EXERCISE DATA: Begin

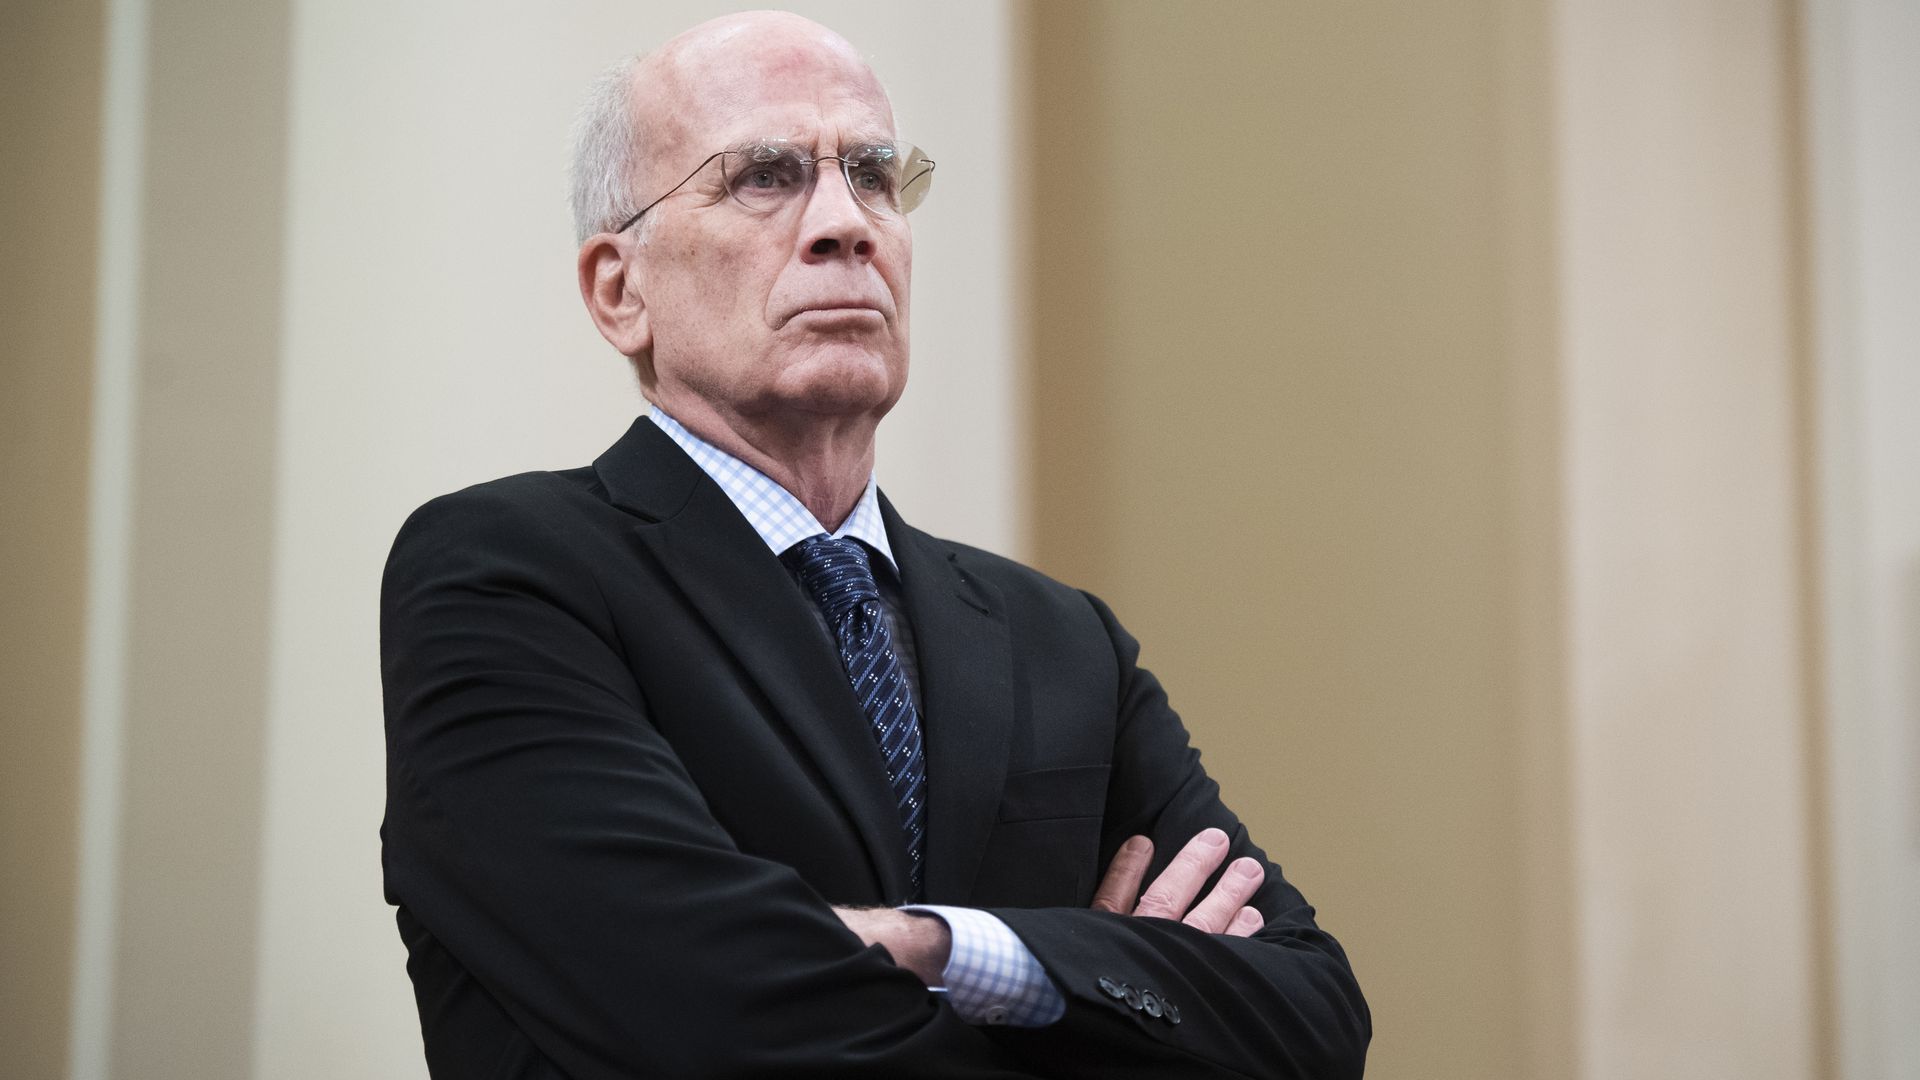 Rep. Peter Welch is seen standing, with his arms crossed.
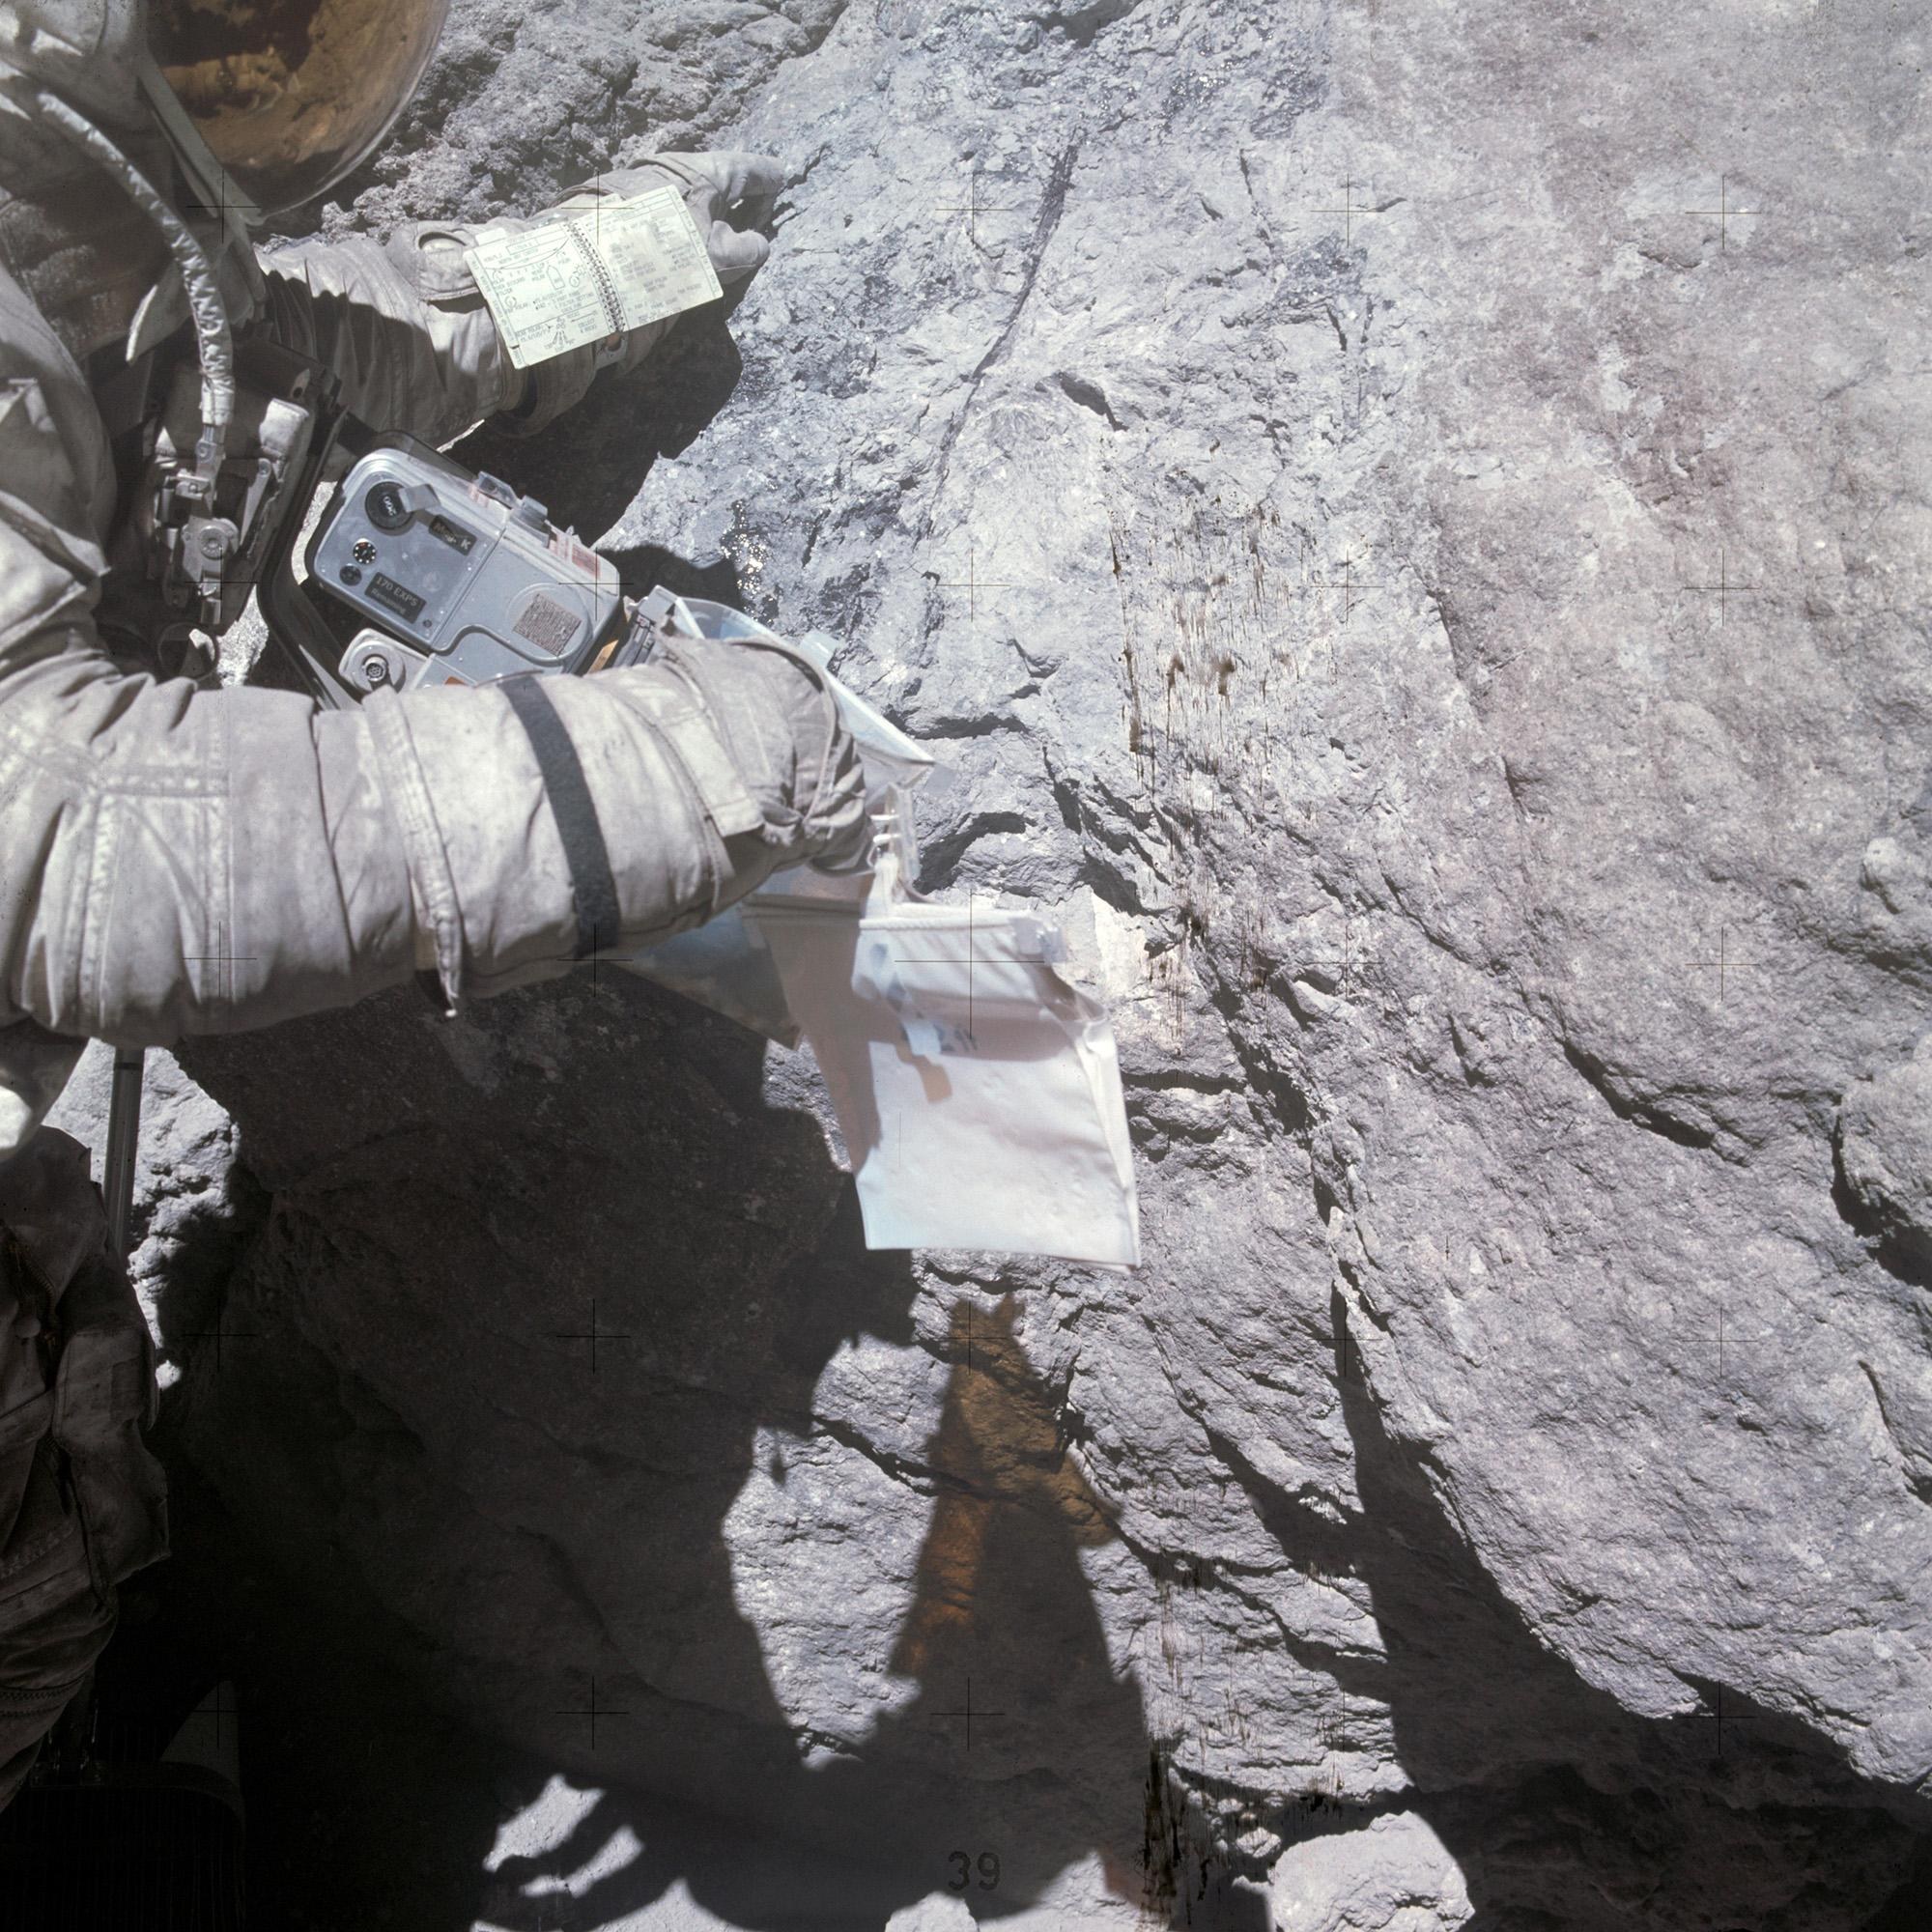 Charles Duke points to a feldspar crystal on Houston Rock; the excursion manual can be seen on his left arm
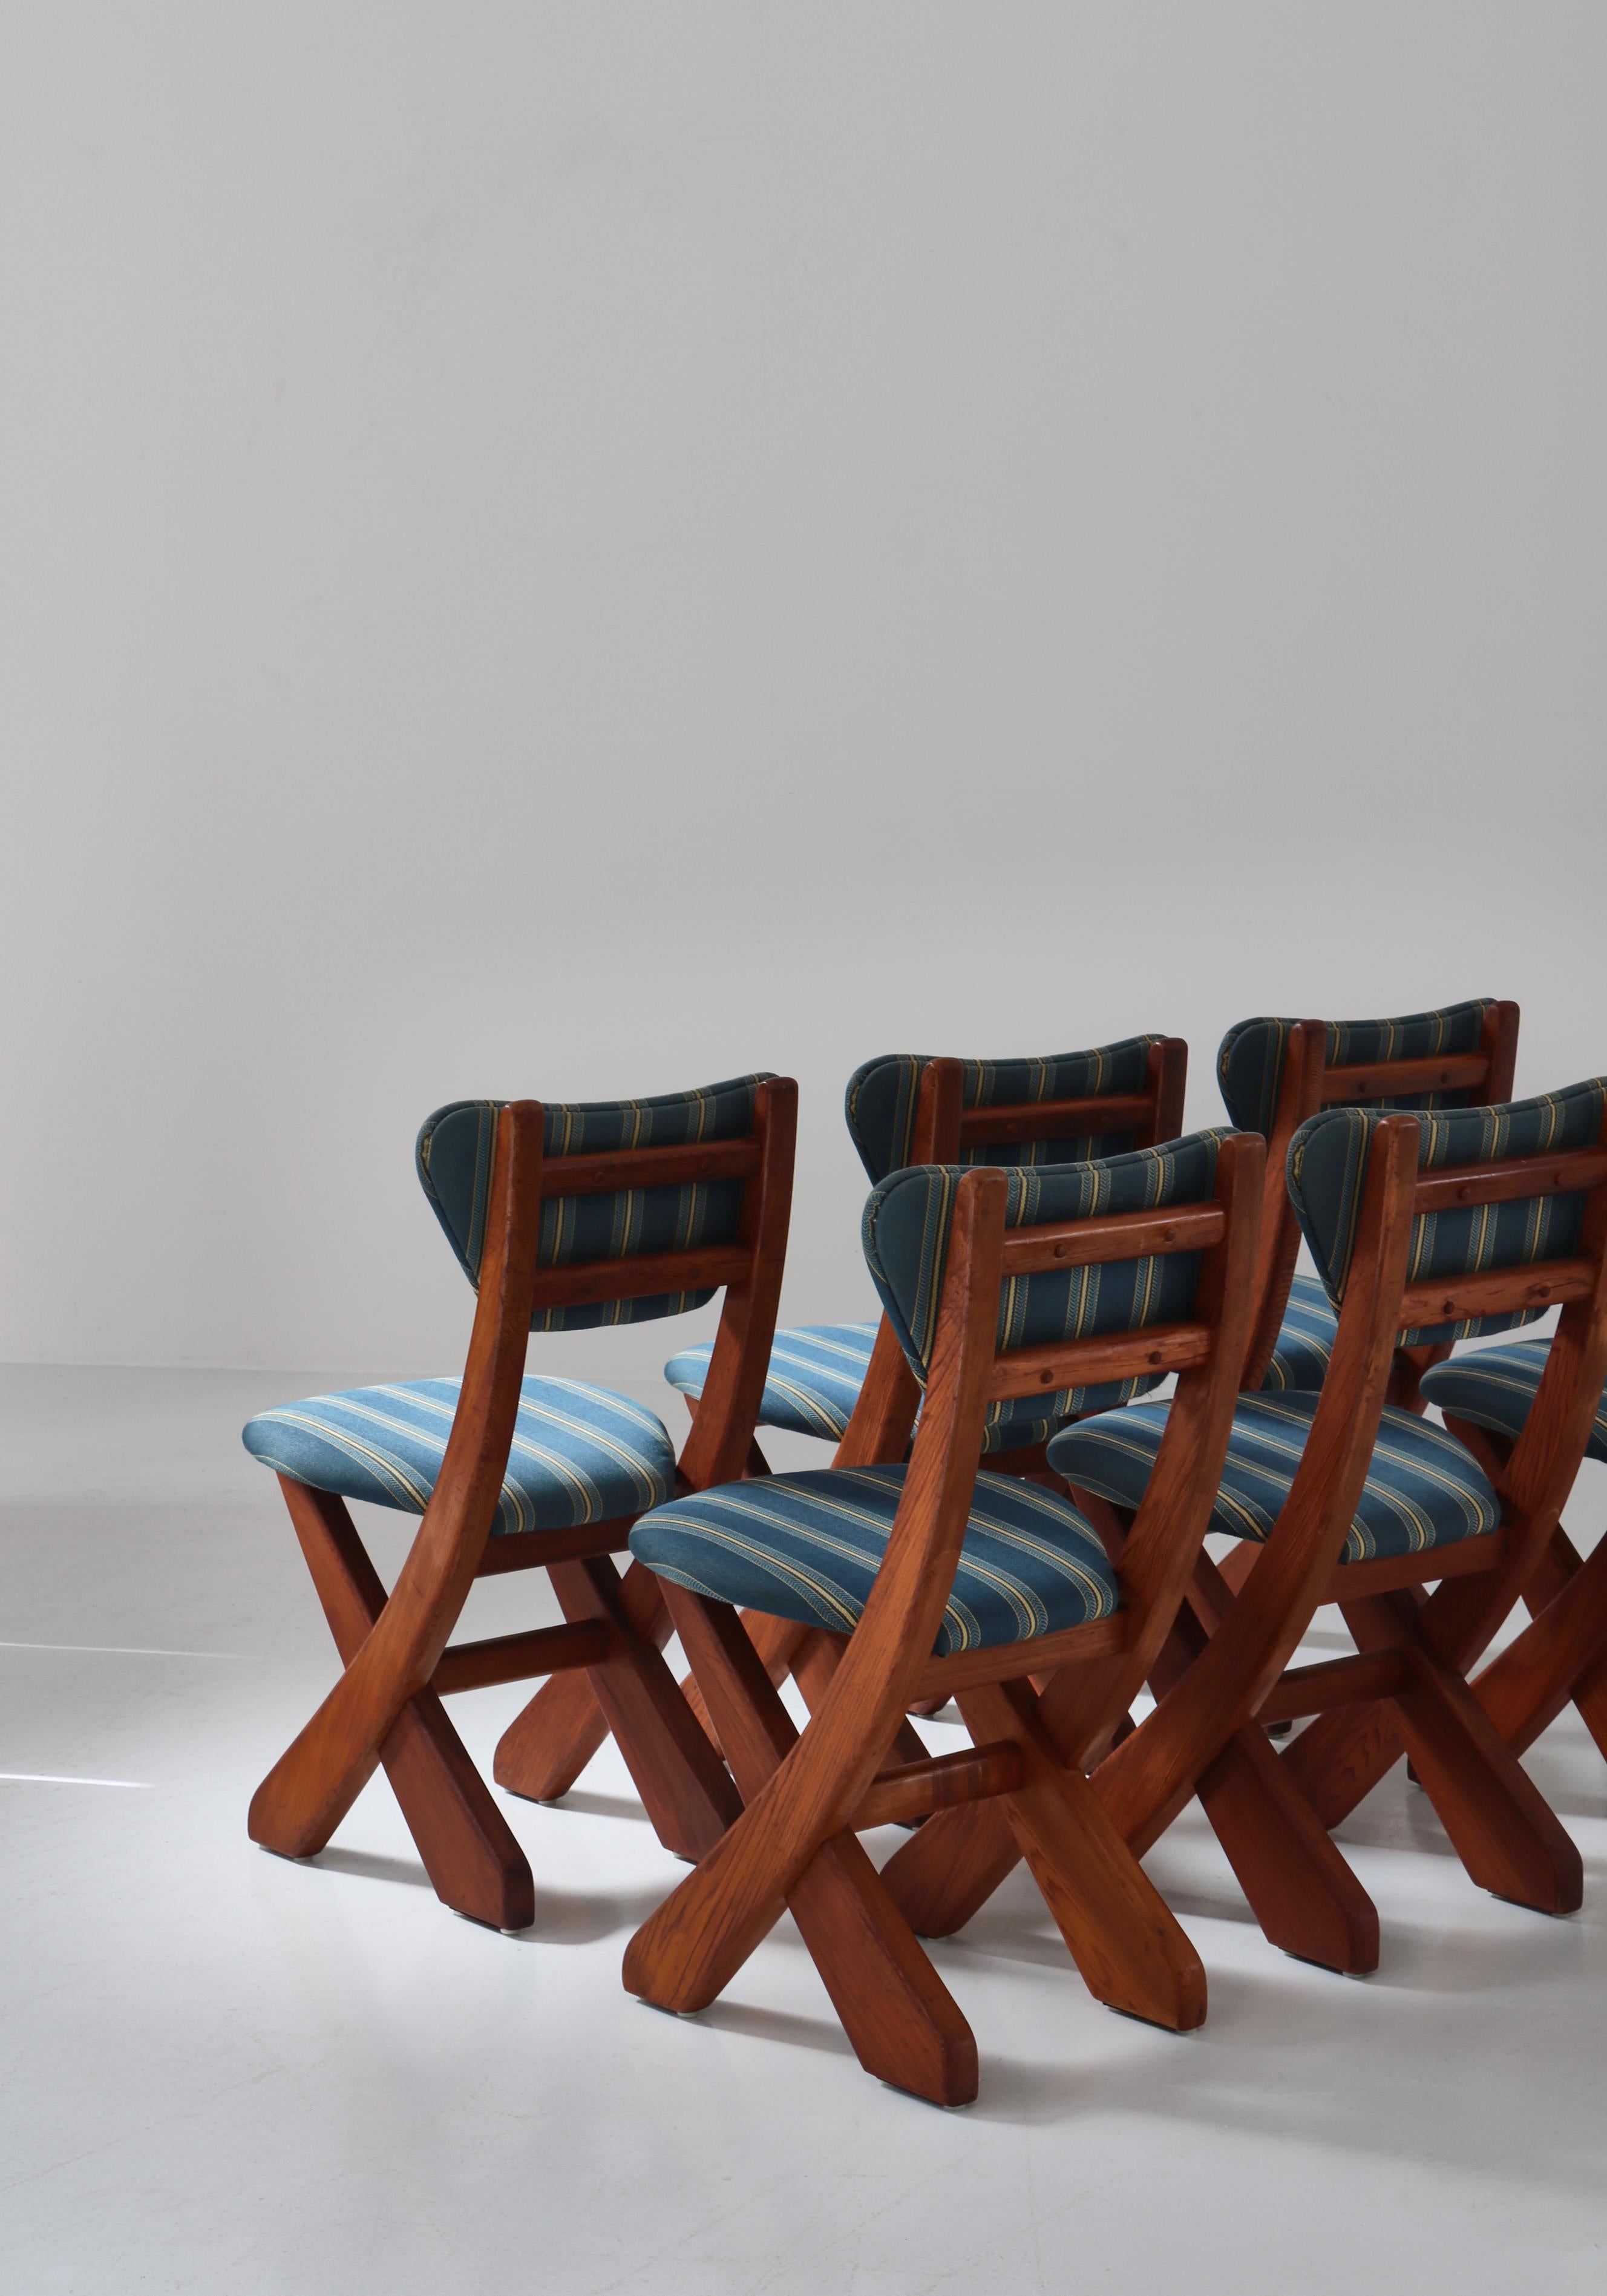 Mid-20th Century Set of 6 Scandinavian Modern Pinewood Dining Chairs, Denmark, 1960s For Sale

EXERCISE DATA: End

EXERCISE GOAL
Reprint the data verbatim, pictures excluded.

RESPONSE FOR THIS EXERCISE
 Rep. Peter Welch is seen standing, with his arms crossed.
 Charles Duke points to a feldspar crystal on Houston Rock; the excursion manual can be seen on his left arm
 Mid-20th Century Set of 6 Scandinavian Modern Pinewood Dining Chairs, Denmark, 1960s For Sale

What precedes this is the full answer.